A projectile is projected with some initial velocity and some initial angle of projection. A wind is also blowing, due to which constant horizontal retardation a is imparted to the particle in the plane of motion. It is found that, the particle is at same height at two different time `t_(1)` & `t_(2)` and particle is at same horizontal distance at two different time `t_(3)` & `t_(4)`
Angle of projection of particle is :-

A

`tan^(-1)((t_(1)+t_(2))/(t_(3)+t_(4)))`

B

`tan^(-1)[(a(t_(1)+t_(2)))/(g(t_(3)+t_(4)))]`

C

`tan^(-1)[(g(t_(1)+t_(2)))/(a(t_(3)+t_(4)))]`

D

None of these

Text Solution

AI Generated Solution

The correct Answer is:
To solve the problem, we need to analyze the motion of a projectile under the influence of gravity and horizontal retardation due to wind. We will derive the angle of projection based on the conditions given in the problem. ### Step-by-Step Solution: 1. **Understanding the Motion**: - The projectile is launched with an initial velocity \( u \) at an angle \( \theta \) with respect to the horizontal. - The horizontal component of the velocity is \( u \cos \theta \) and the vertical component is \( u \sin \theta \). - Due to horizontal retardation \( a \), the horizontal motion will not be uniform. 2. **Vertical Motion Analysis**: - The vertical position \( h \) of the projectile at time \( t \) is given by: \[ h = u \sin \theta \cdot t - \frac{1}{2} g t^2 \] - Since the projectile is at the same height at two different times \( t_1 \) and \( t_2 \), these times must satisfy the above equation. This implies that \( t_1 \) and \( t_2 \) are the roots of the quadratic equation formed. 3. **Forming the Quadratic Equation**: - Rearranging the height equation gives: \[ \frac{1}{2} g t^2 - u \sin \theta \cdot t + h = 0 \] - The sum of the roots \( t_1 + t_2 \) can be found using the formula for the sum of roots of a quadratic equation: \[ t_1 + t_2 = \frac{2u \sin \theta}{g} \] - Let this be Equation (1). 4. **Horizontal Motion Analysis**: - The horizontal distance \( x \) at time \( t \) is given by: \[ x = u \cos \theta \cdot t - \frac{1}{2} a t^2 \] - For the same horizontal distance at two different times \( t_3 \) and \( t_4 \), we can form a similar quadratic equation: \[ \frac{1}{2} a t^2 - u \cos \theta \cdot t + x = 0 \] - The sum of the roots \( t_3 + t_4 \) is: \[ t_3 + t_4 = \frac{2u \cos \theta}{a} \] - Let this be Equation (2). 5. **Finding the Angle of Projection**: - We can now relate Equations (1) and (2): \[ \frac{t_1 + t_2}{t_3 + t_4} = \frac{\frac{2u \sin \theta}{g}}{\frac{2u \cos \theta}{a}} \] - Simplifying this gives: \[ \frac{t_1 + t_2}{t_3 + t_4} = \frac{a \sin \theta}{g \cos \theta} \] - Rearranging gives: \[ \tan \theta = \frac{g}{a} \cdot \frac{t_1 + t_2}{t_3 + t_4} \] - Thus, the angle of projection \( \theta \) can be expressed as: \[ \theta = \tan^{-1} \left( \frac{g}{a} \cdot \frac{t_1 + t_2}{t_3 + t_4} \right) \] ### Final Result: The angle of projection \( \theta \) is given by: \[ \theta = \tan^{-1} \left( \frac{g}{a} \cdot \frac{t_1 + t_2}{t_3 + t_4} \right) \]

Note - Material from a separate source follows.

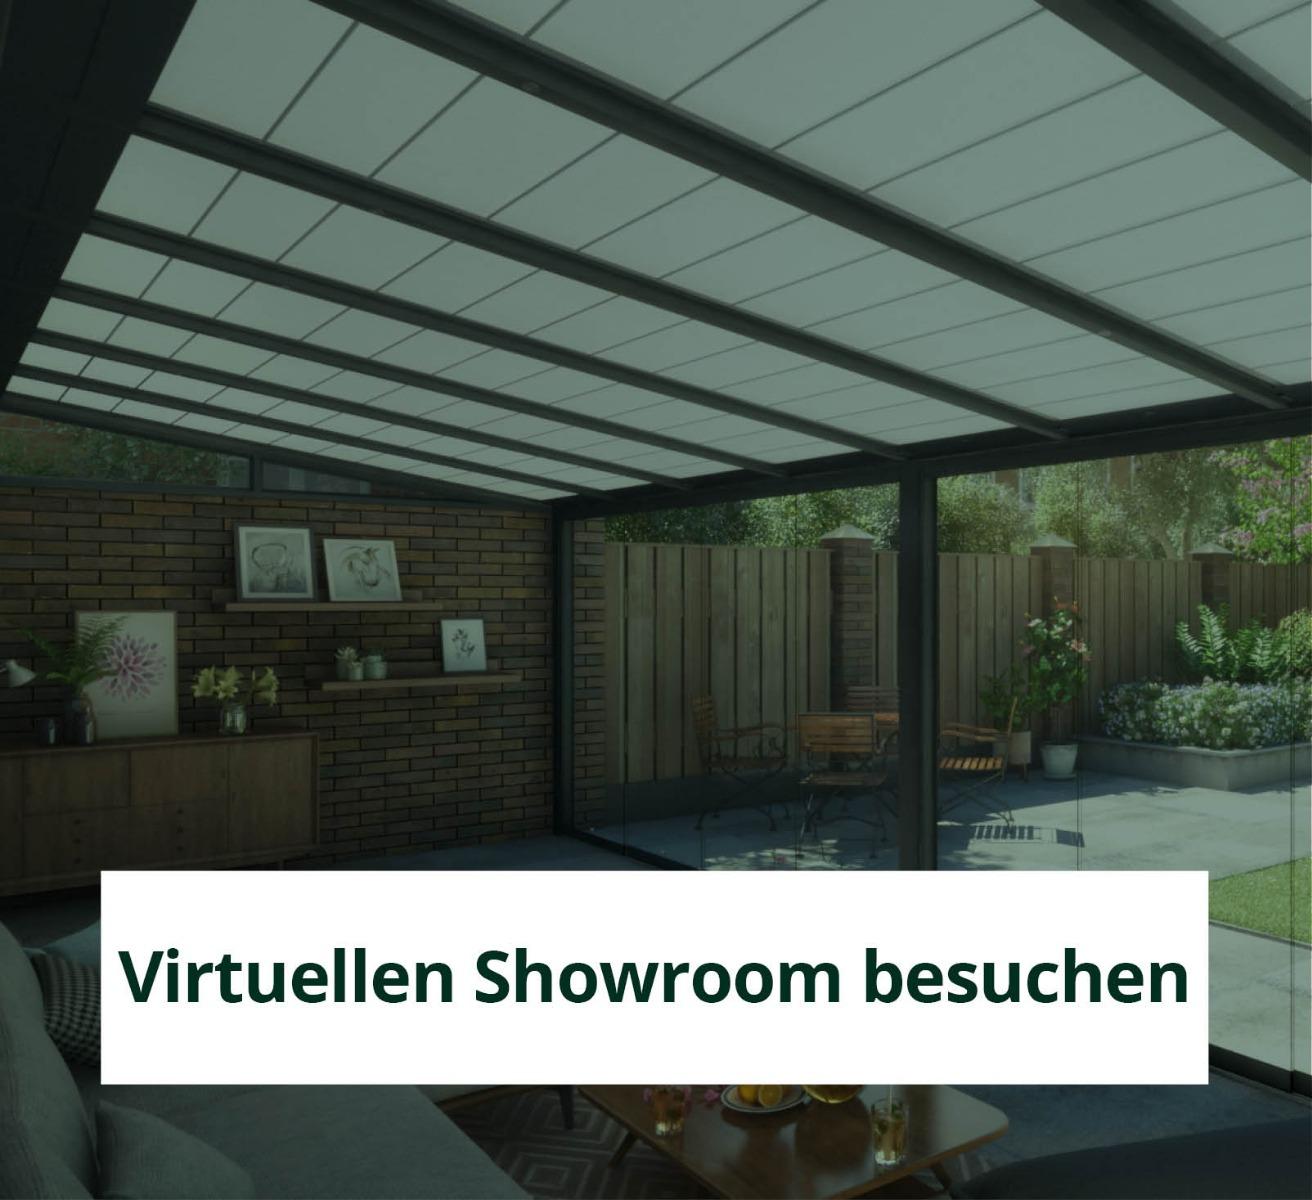 Besuchen Sie den virtuellen Showroom von Tuinmaximaal
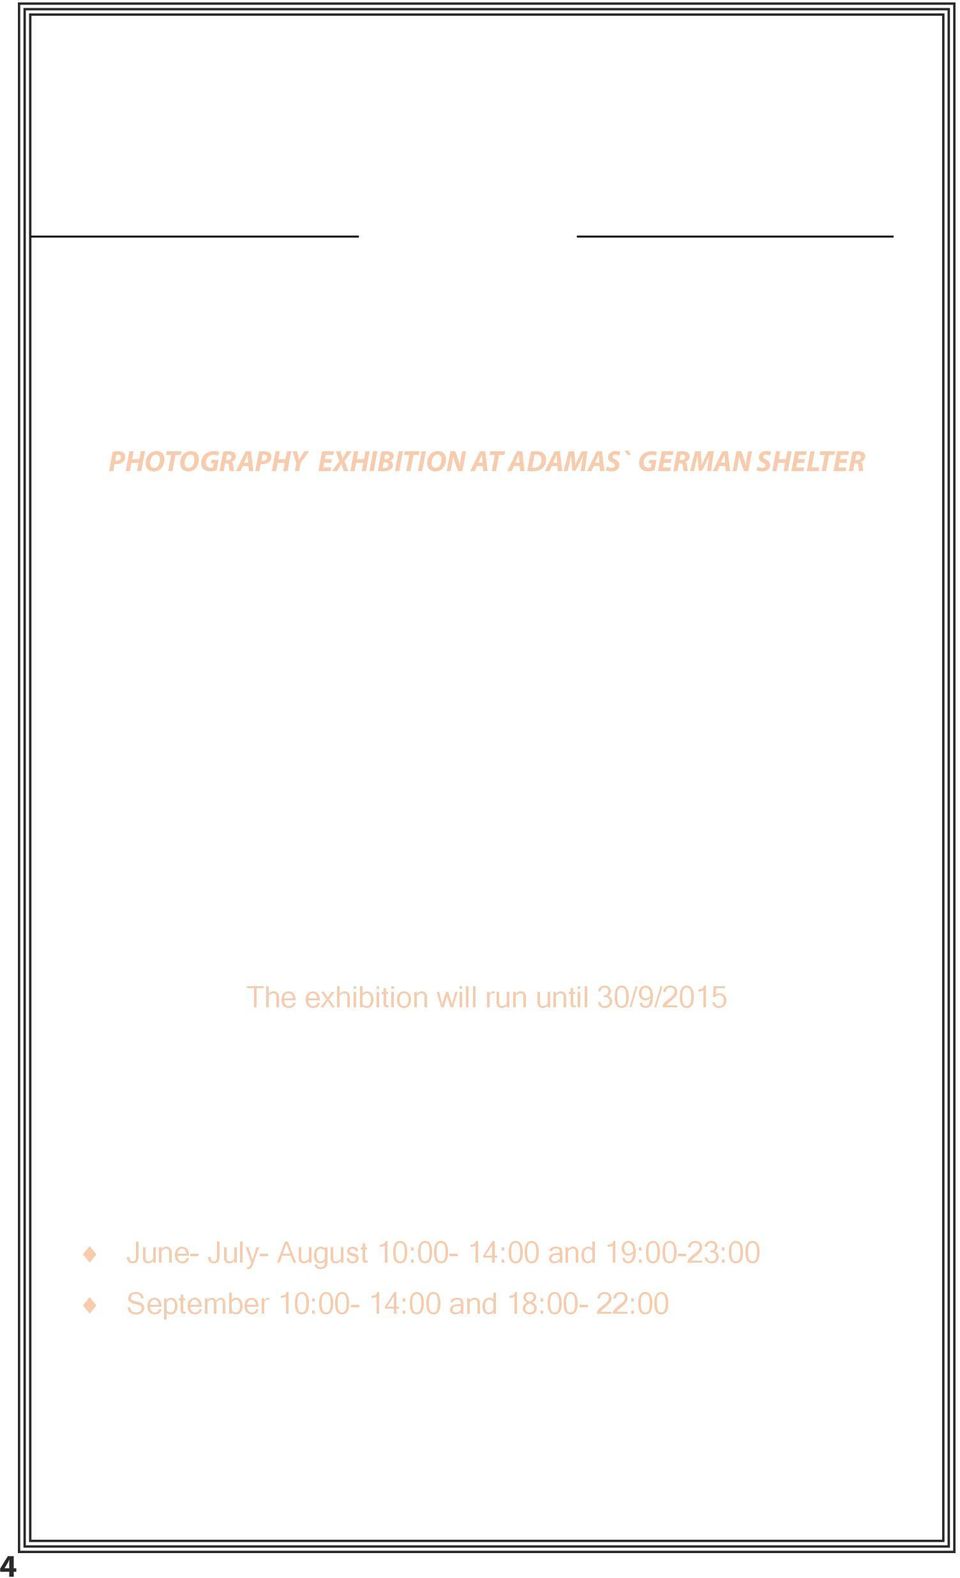 ΙΑΣ ΣΤΟ ΓΕΡΜΑΝΙΚΟ ΚΑΤΑΦΥΓΙΟ ΑΔΑΜΑΝΤΑ ΔΙΟΡΓΑΝΩΣΗ Ε.Φ.Α. PHOTOGRAPHY EXHIBITION AT ADAMAS` GERMAN SHELTER Η Ε.Φ.Α. στα πλαίσια του 22 ου Φεστιβάλ Μήλου διοργανώνει έκθεση φωτογραφίας, με τίτλο: «Η

To solve the problem, we need to analyze the motion of a projectile under the influence of gravity and horizontal retardation due to wind. We will derive the angle of projection based on the conditions given in the problem. ### Step-by-Step Solution: 1. **Understanding the Motion**: - The projectile is launched with an initial velocity \( u \) at an angle \( \theta \) with respect to the horizontal. - The horizontal component of the velocity is \( u \cos \theta \) and the vertical component is \( u \sin \theta \). - Due to horizontal retardation \( a \), the horizontal motion will not be uniform. ...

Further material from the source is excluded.